MEDS is particularly important for the following Medi-Cal information: 

  1. Medi-Cal aid code
  2. Medi-Cal share of cost (SOC)
  3. Medi-Cal managed care plan and primary care provider, except counties with COHS (County-Organized Health Systems)
  4. Other health coverage (OHC)

MEDS and Medi-Cal share of cost

MEDS is used to adjust the Medi-Cal share of cost throughout the month as share of cost is met. MEDS is also used by the IHSS program to determine IHSS share of cost. 

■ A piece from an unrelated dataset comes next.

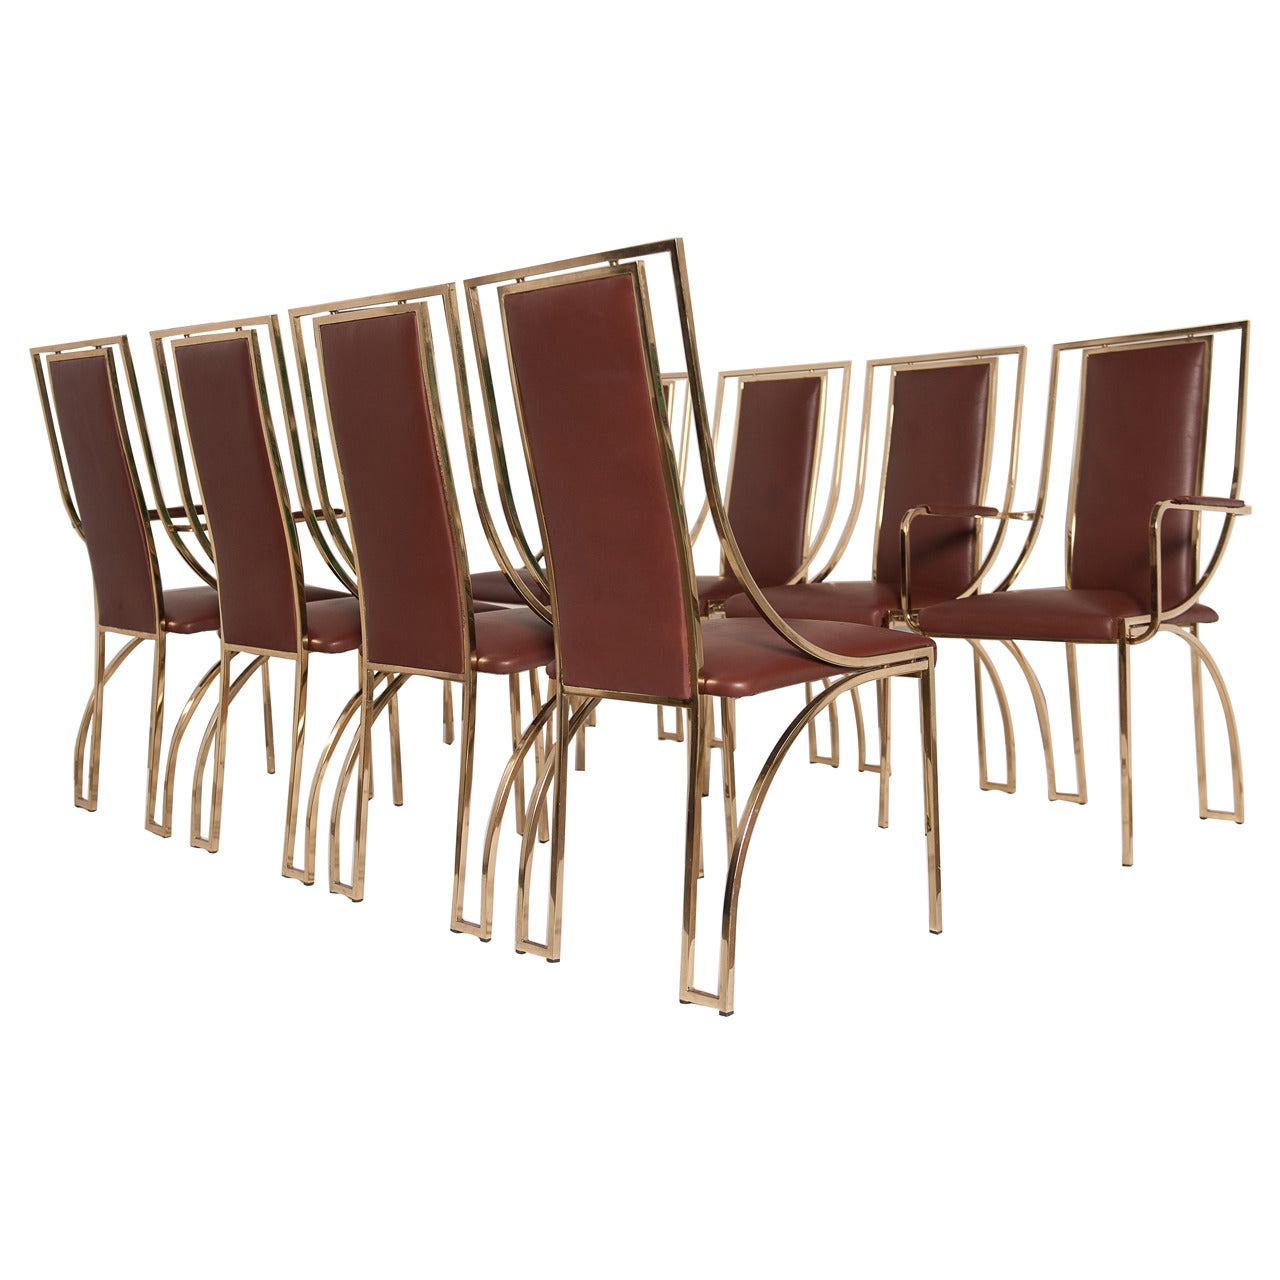 Stunning set of 8 dining chairs by Renato Zevi in brown calf leather, Italy

MEDS and Medi-Cal managed care

MEDS is used for enrollment of Medi-Cal beneficiaries into Medi-Cal managed care plans (except in COHS counties) and selection of primary care providers. It is used to transmit information received from the Medi-Cal managed care enrollment broker, Health Care Options (MAXIMUS), about the beneficiary-chosen or default Medi-Cal managed care plan and primary care provider. 

MEDS and various statewide functions. In addition, because MEDS is a statewide system, it is used for certain statewide functions such as generating a unique statewide Client Identification Number (CIN) for all public benefit and Covered California programs, storing certain eligibility information for CalWORKs and CalFresh (as well as for Medi-Cal), and facilitating certain inter-county transfers when individuals move from one county to another.